LESSONS FOR BAYELSA AND THE WIDER NIGER DELTA
The Ogoni experience provides both inspiration and caution for communities across the Niger Delta.
On one hand, it demonstrates that large-scale environmental restoration programmes can be established when there is sufficient political commitment, scientific evidence, institutional capacity, and public pressure.
On the other hand, it highlights the complexity of environmental remediation in a region where pollution has accumulated over decades and where affected communities continue to demand accountability, transparency, and tangible improvements in their daily lives.
For members of the IWG, the visit reinforced the importance of developing remediation programmes that are community-centred, scientifically credible, transparent, adequately funded, and integrated with public health and livelihood initiatives.
The delegation also emphasised that environmental devastation extends far beyond Ogoniland. Communities throughout Bayelsa, Rivers, Delta, Akwa Ibom, and other parts of the Niger Delta continue to live with severe pollution and often lack access to comparable remediation programmes.
Consequently, participants argued that the lessons emerging from Ogoniland should contribute to a broader regional conversation about environmental justice, polluter accountability, ecological restoration, and the implementation of the recommendations of the Bayelsa State Oil and Environmental Commission.
SOCIAL ACTION’S LONG ENGAGEMENT IN OGONILAND
For Social Action, the visit to HYPREP was not a first encounter with Ogoniland or with the struggle for environmental justice in the area. Social Action has had a long history of engagement with Ogoni communities, civil society actors, environmental justice campaigners, and accountability processes before and after the publication of the UNEP Environmental Assessment of Ogoniland.
Over the years, Social Action has worked alongside affected communities and allies to document the impacts of oil pollution, amplify community voices, support advocacy for cleanup and compensation, and press government and oil industry actors to take responsibility for decades of environmental devastation. This work formed part of the wider civil society pressure that helped keep the Ogoni question on the national and international agenda.
Following the release of the UNEP report in 2011, Social Action continued to advocate for its full and credible implementation. Through research, public engagement, media advocacy, policy dialogue, community mobilisation, and collaboration with other environmental justice organisations, Social Action contributed to sustained pressure for the Federal Government and relevant institutions to move from acknowledgement of the crisis to concrete action.
In this sense, the May 2026 visit was both a continuation and a deepening of Social Action’s long-standing engagement.
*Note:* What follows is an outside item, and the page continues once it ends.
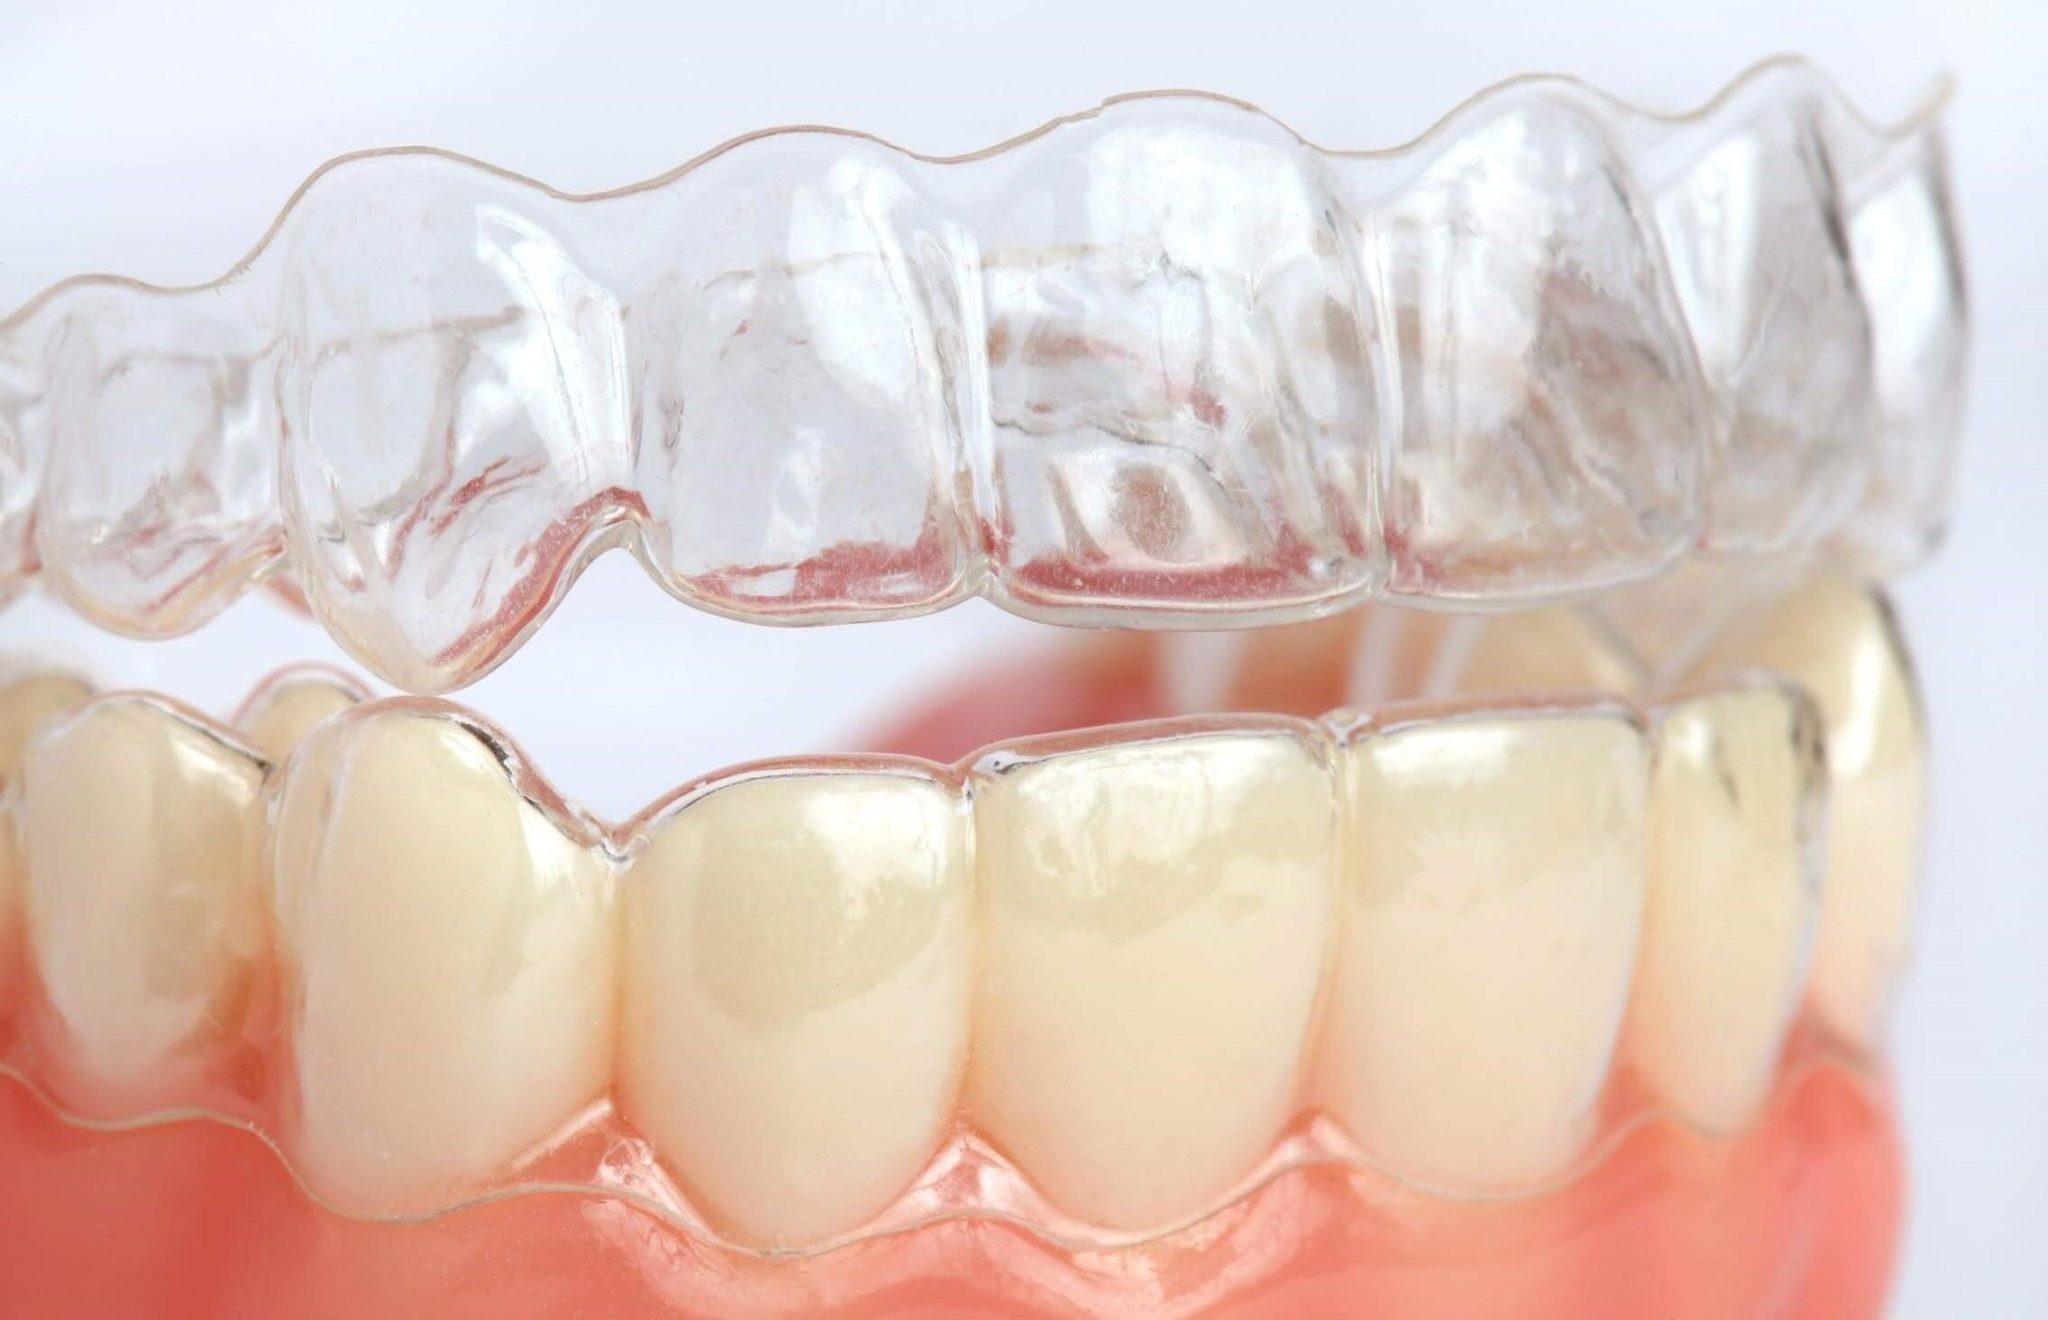 Исправление прикуса капами для зубов. Или чем хороши элайнеры

It provided an opportunity to observe how the implementation process has evolved, assess emerging lessons, and consider how the Ogoni experience can inform broader demands for remediation, public health response, and ecological justice across the Niger Delta, especially in Bayelsa State.
As the International Working Group continues its efforts to promote implementation of the BSOEC recommendations, the findings from the Ogoniland visit will contribute to ongoing research, policy engagement, advocacy, and dialogue on how best to secure environmental restoration and a just transition for communities across the Niger Delta.
For the IWG, the journey from environmental documentation to environmental justice is only beginning. The challenge now is to ensure that the hard lessons of Ogoniland help inform a more effective, accountable, and community-driven response to the wider environmental crisis facing the Niger Delta.